**Problem to solve**
Lines from the one containing "Dachshund adult lying" through the end of the material are to be retyped exactly; do not copy pictures.

**Information shown**
····················

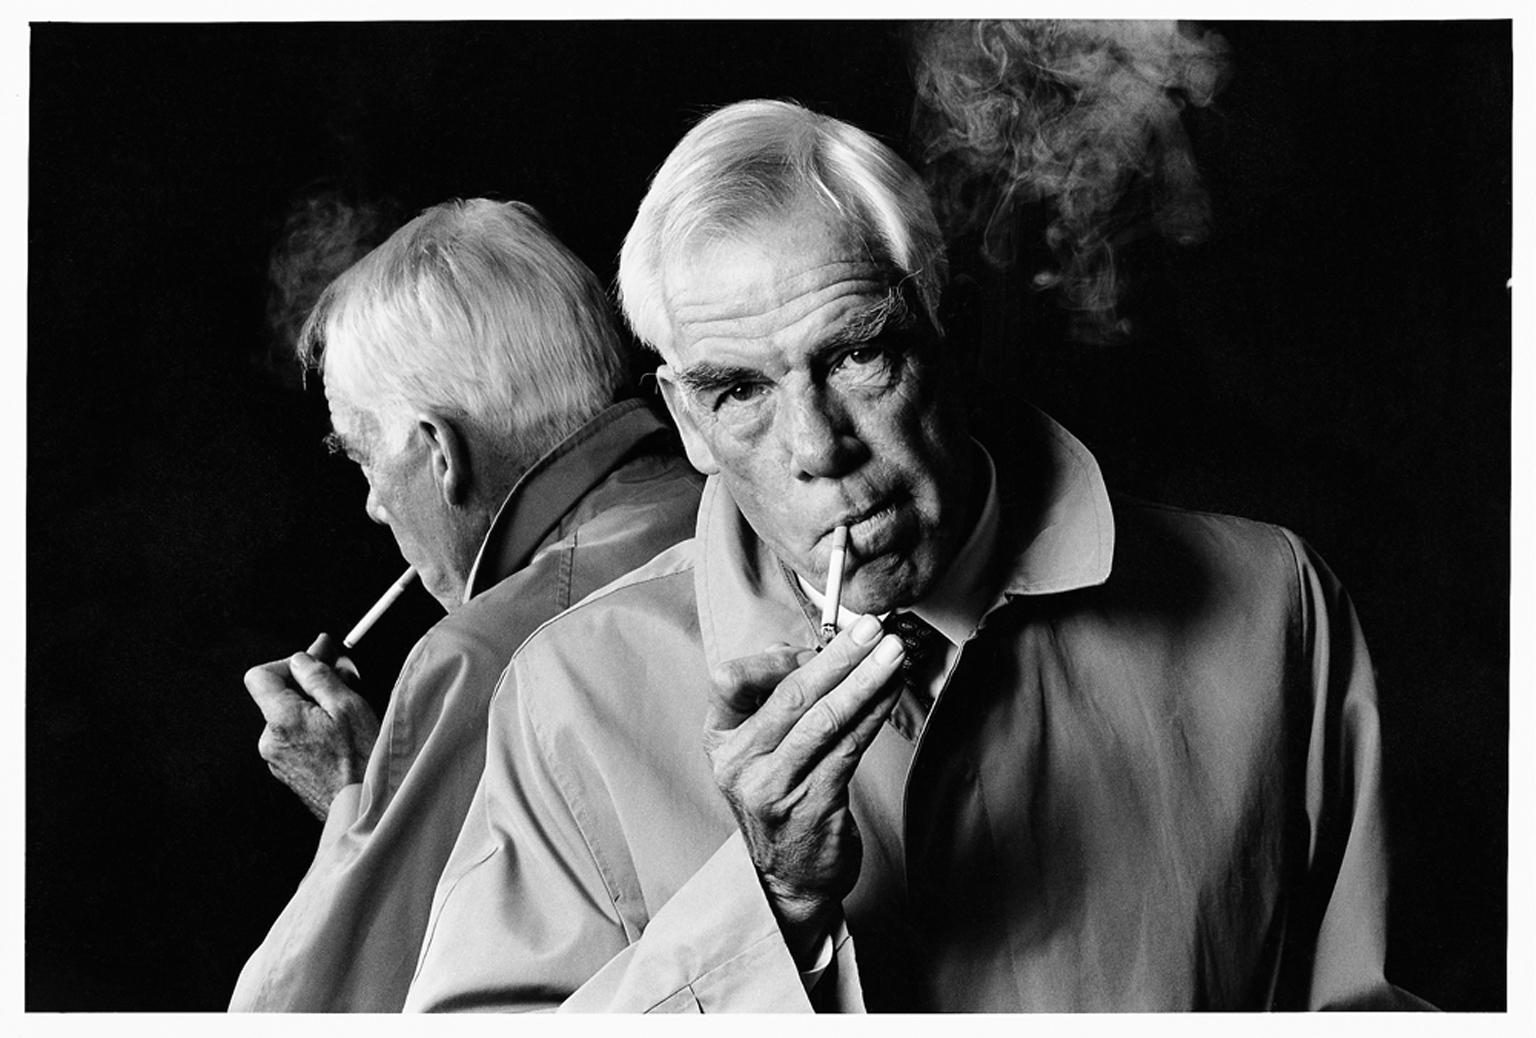 David Steen Portrait Photograph - Lee Marvin - 20th Century Photography, Wandering Star, Hollywood, Movies
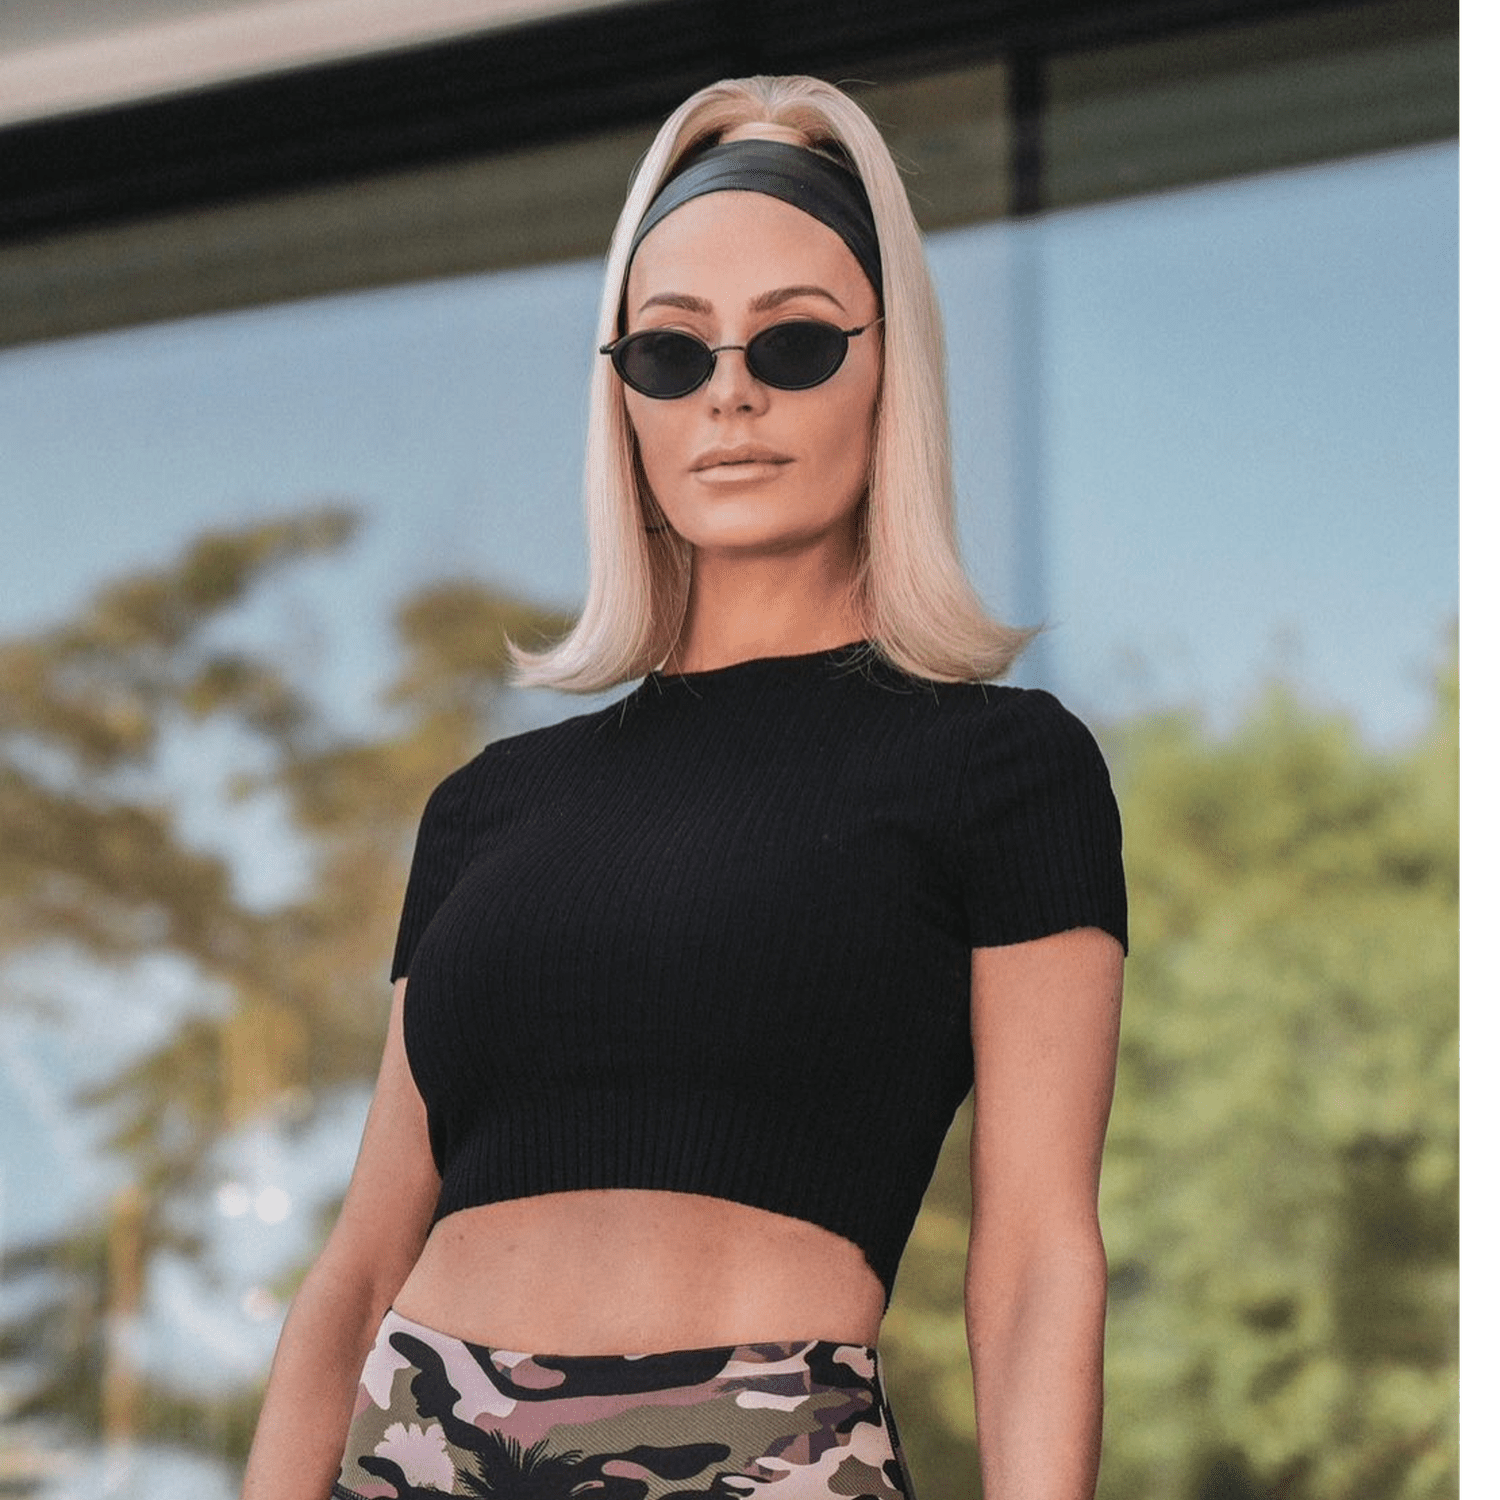 Dorit Kemsley wears a high ponytail hairstyle with flipped ends, headband, and oval sunglasses
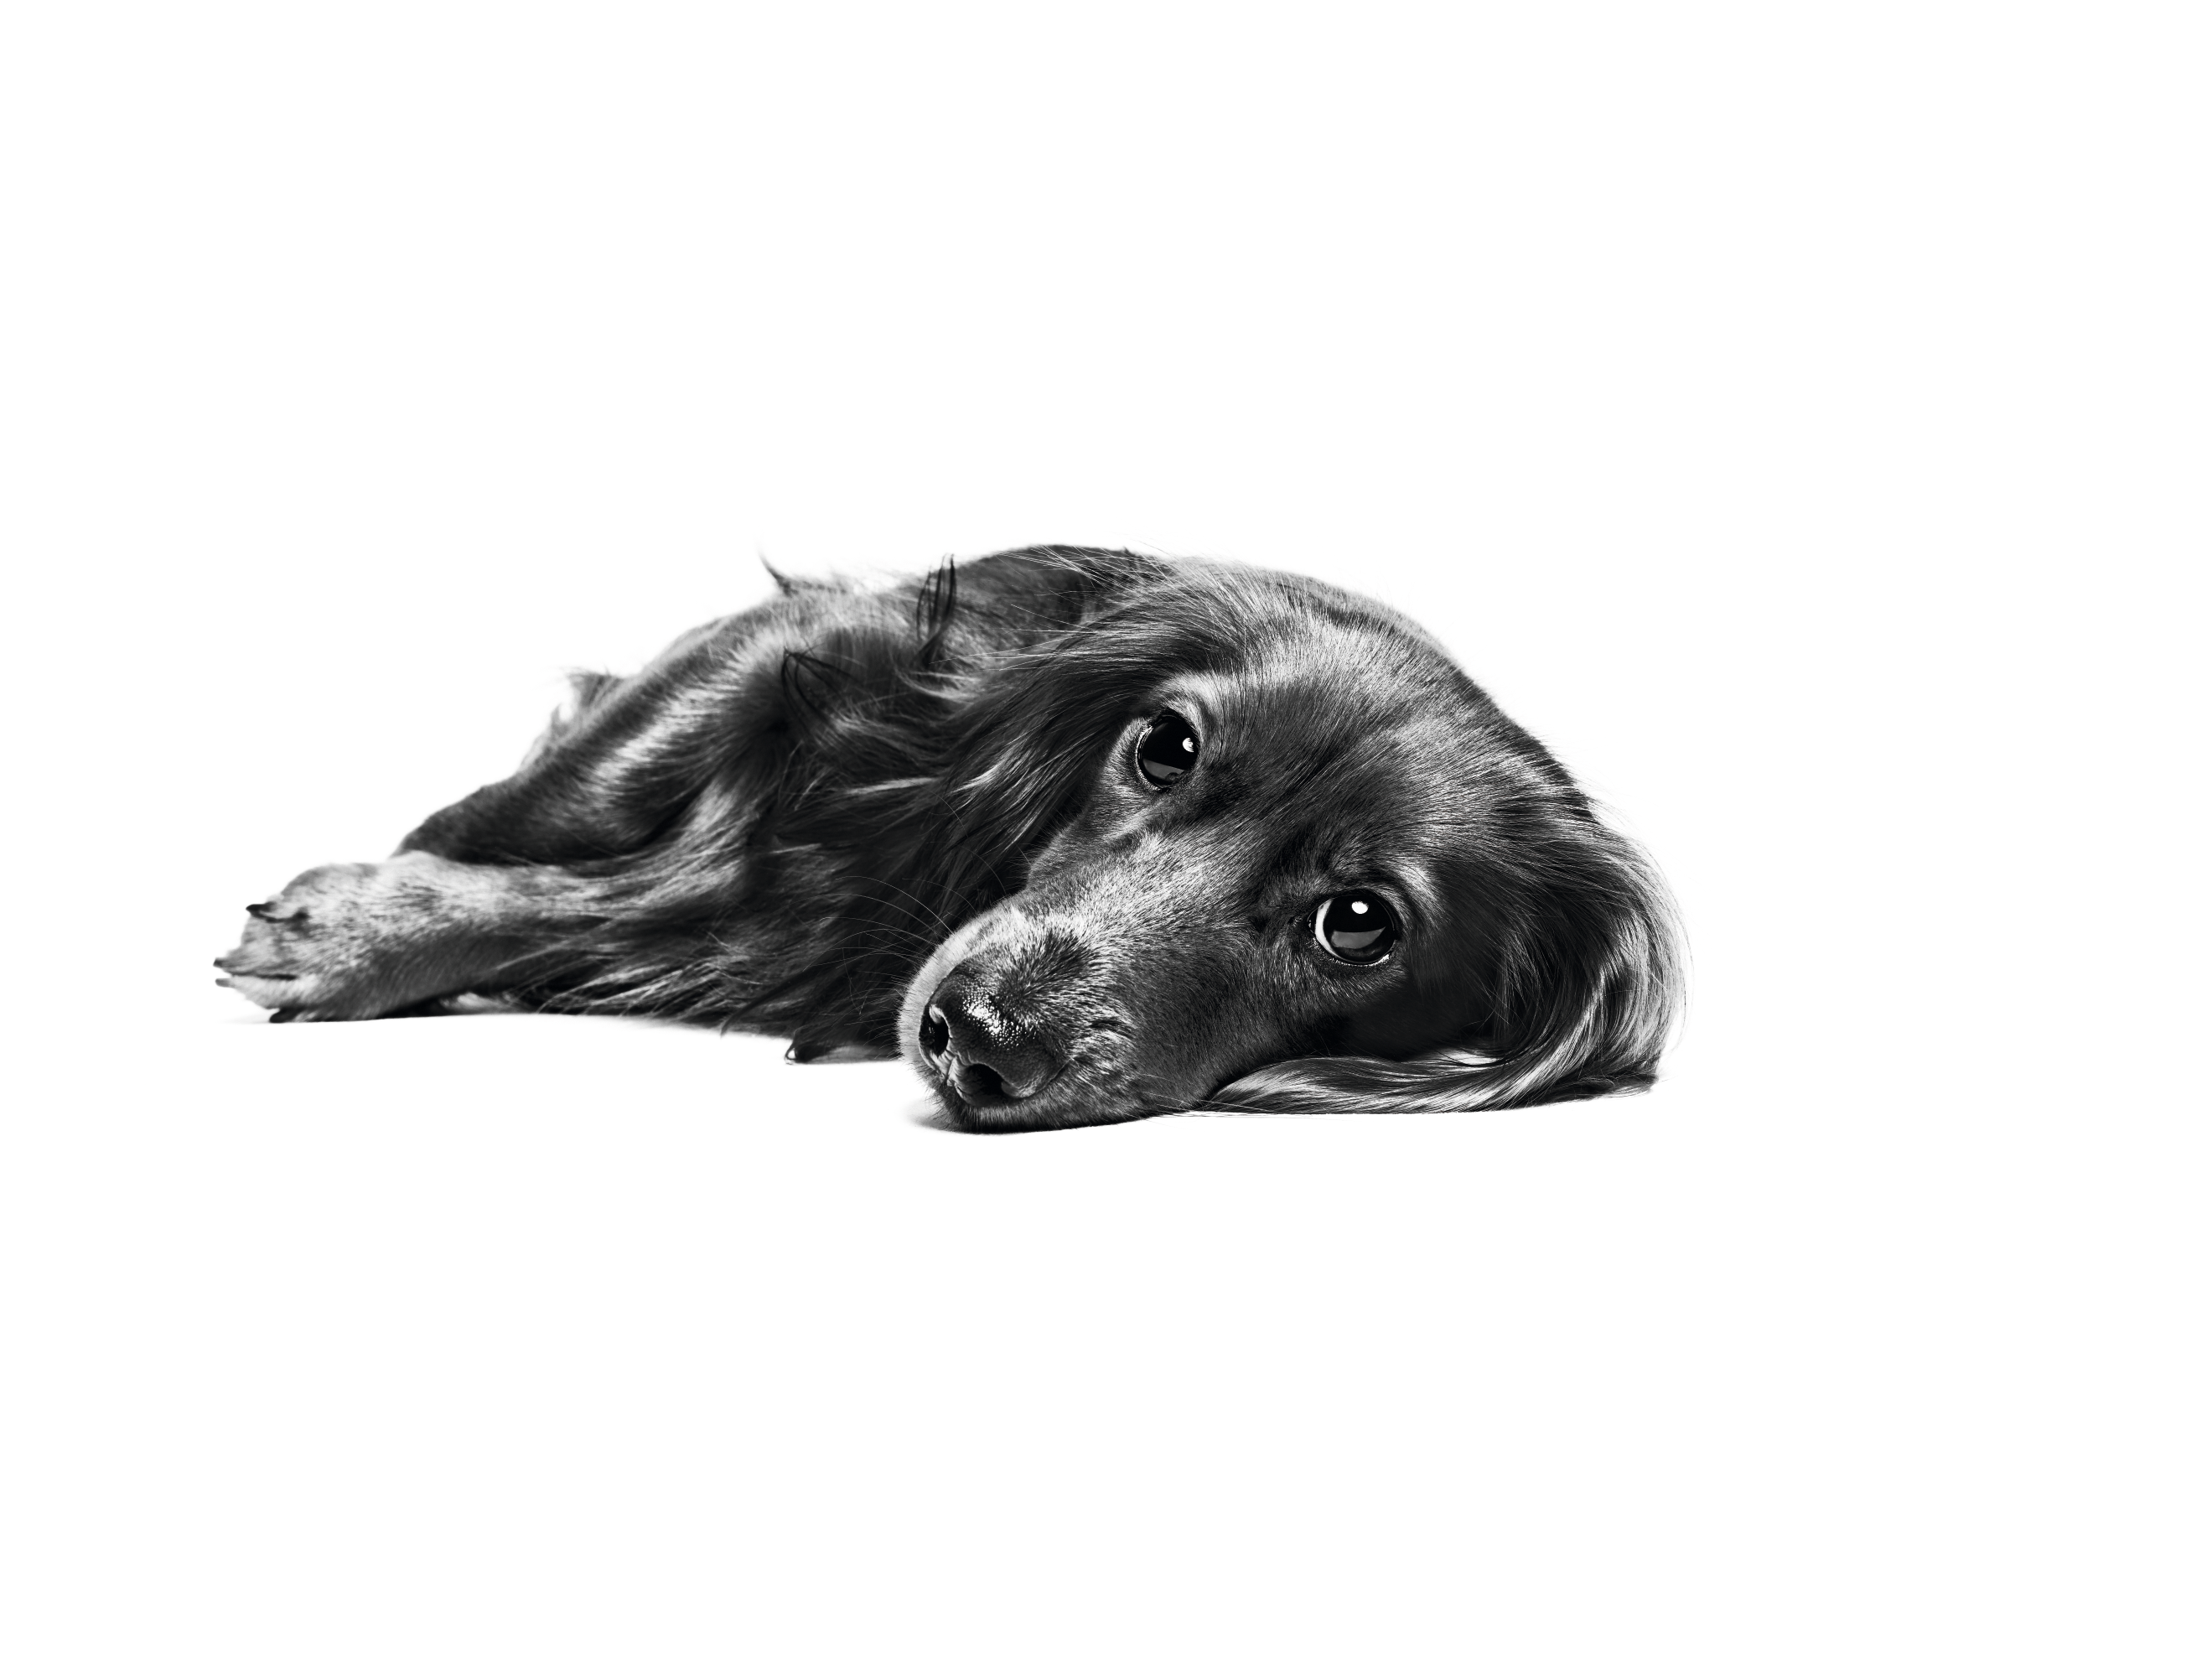 Dachshund adult lying down in black and white on a white background
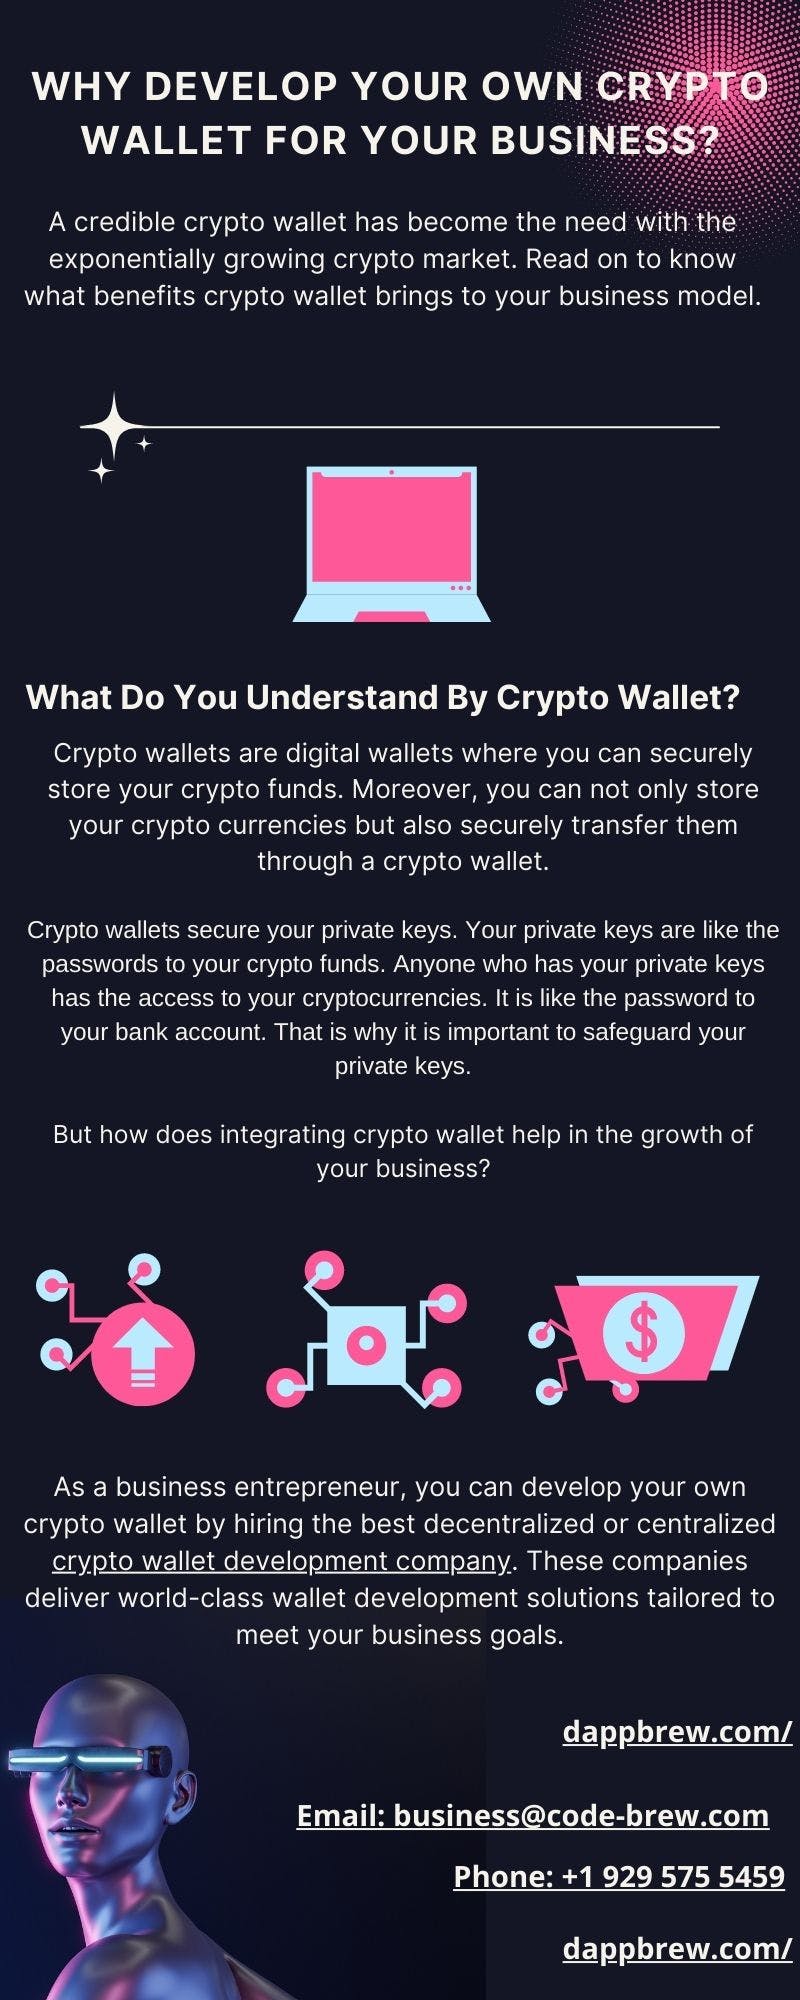 Why Develop Your Own Crypto Wallet For Your Business.jpg

····················

**Exercise output**
 Dachshund adult lying down in black and white on a white background
 Why Develop Your Own Crypto Wallet For Your Business.jpg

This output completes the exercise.